2023 NBA Playoffs - New York Knicks v Cleveland Cavaliers Photo by David Liam Kyle/NBAE via Getty Images

The Cleveland Cavaliers made a small signing in the middle of last season to try and bolster their playoff prospects with the addition of veteran sharpshooter Danny Green. But Green ended up not seeing the court too much for myriad reasons, including getting sick. In an interview on The Hoop Chat with Emily Austin, Green talked about his time in Cleveland last season, returning to the organization that drafted him, and his future.

“It was a great full circle moment, it meant a lot,” Green said when asked how it felt to come back and play for the team that drafted him. But seems like his role was not as initially described by the Cavaliers before they signed him.

“It was just tough being in that position, that situation. There was a lot of weird air of not knowing what was going on, what was happening, what my role was going to be, or what it was. There was talks differently before I got there than when I got there. Ultimately in the time I thought I was going to get my opportunity to actually play throughout the regular season, I caught COVID.”

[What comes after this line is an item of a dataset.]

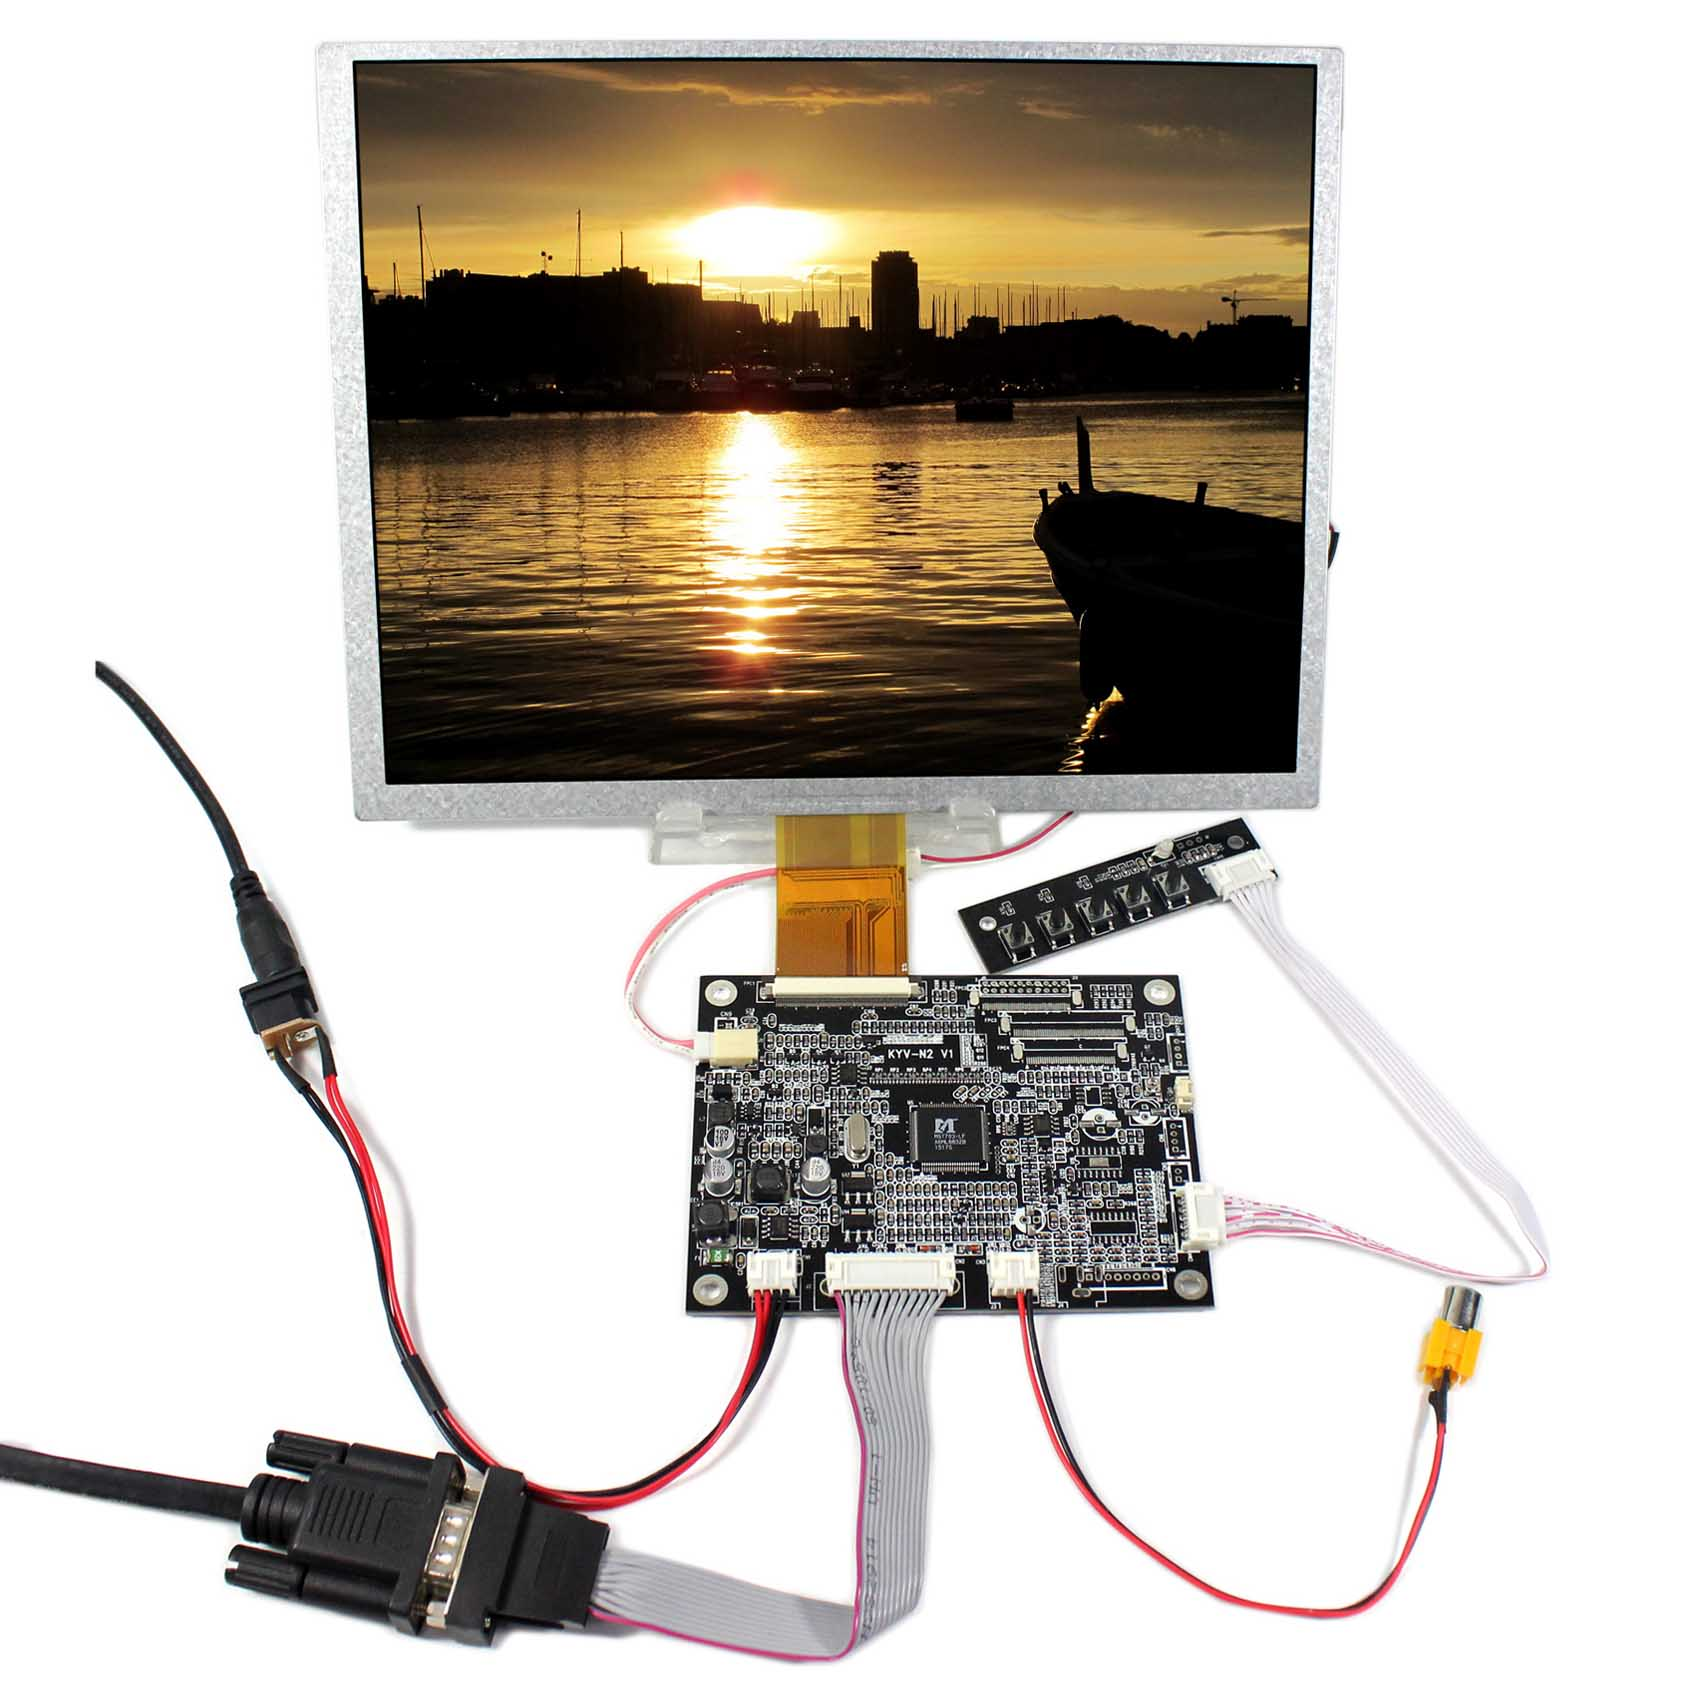 10.4inch 800x600 LSA40AT9001 LCD Replace A104SN03+VGA AV LCD Controller Board KYV-N2 V1 8inch zj080na 08a 1024x600 resistive touch lcd screen vga 2av reversing lcd controller board kyv n2 v1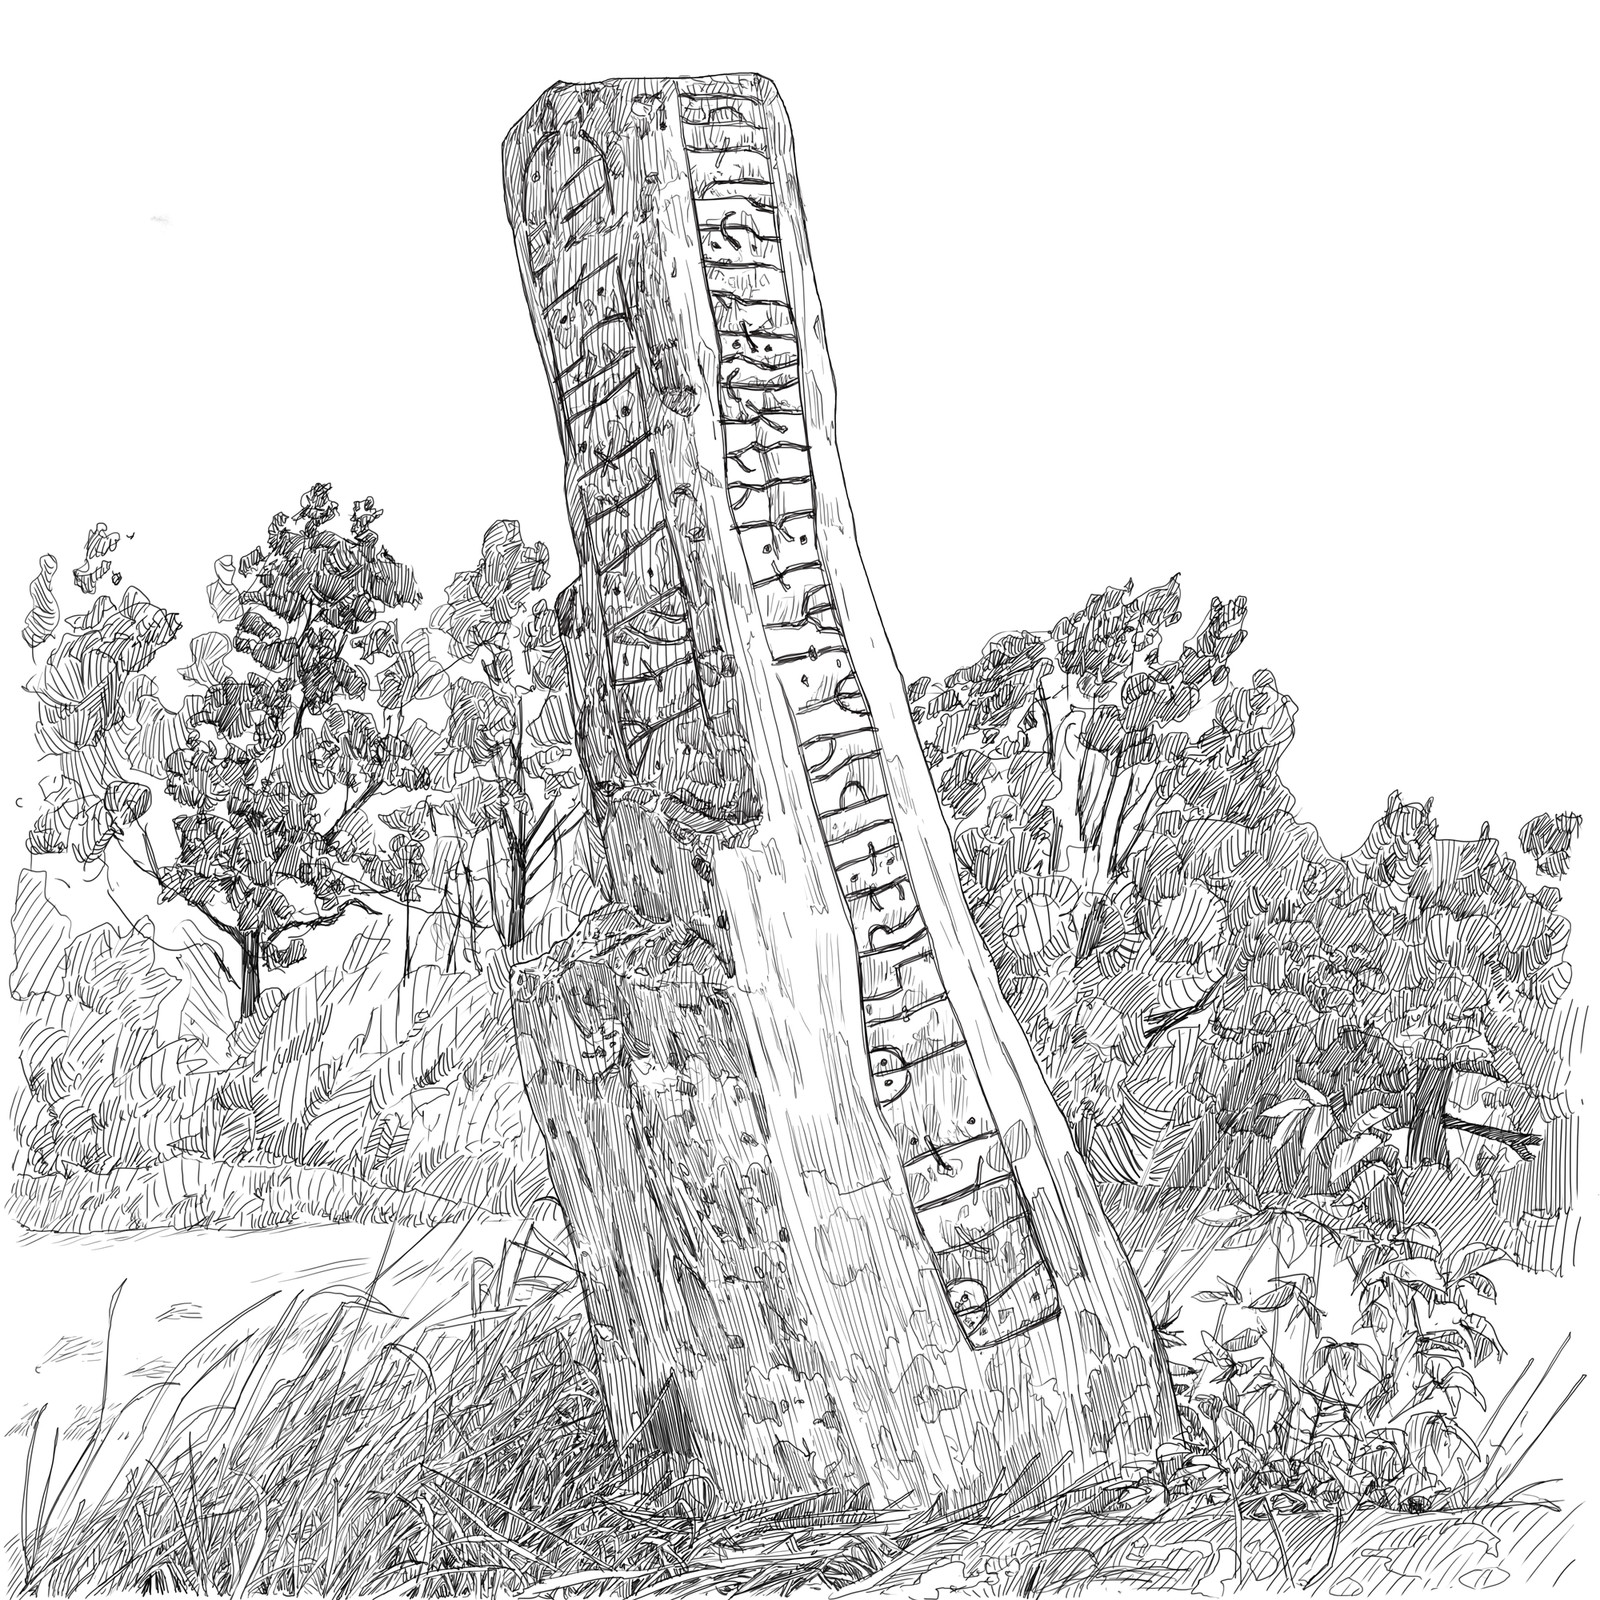 Transjö Runestone

So was COVID the reason he did not get much playing time with the Cavaliers?

“Not really,” said the 36-year-old Green. Decisions that were not made by me is why I was not able to play or show that I was healthy.”

“I played at the end of the season, and the playoffs came, and he (Cavs head coach J.B. Bickerstaff) wanted to stick with his guys,” Green continued. “So he stuck with his guys, but that left me in this weird space of people not knowing if I was healthy or not.”

Green appeared in eight games for the Cavaliers hitting 44.8% (13/29) of his threes on a total of 95 minutes. A three-time champion and respected locker-room presence, Green was largely unable to find his footing with Cleveland the second time around. In the playoffs against the New York Knicks, Green hit one three in 40 minutes of action across the series. But it appears that the Cavs kept Green as more of a “break glass in case of emergency” type of player, sending him in when things got dire. Perhaps not the role that he was pitched before signing with Cleveland.

As of the time of this writing, Green is still a free agent and is waiting on the right situation before signing.

“When you’re the old guy coming off injury, the phone doesn’t ring as much,” he told Austin. “So I have to get back and prove that I’m healthy. Just waiting to see where the trades land.”

“Maybe some people think I’m done playing. I’m not done.”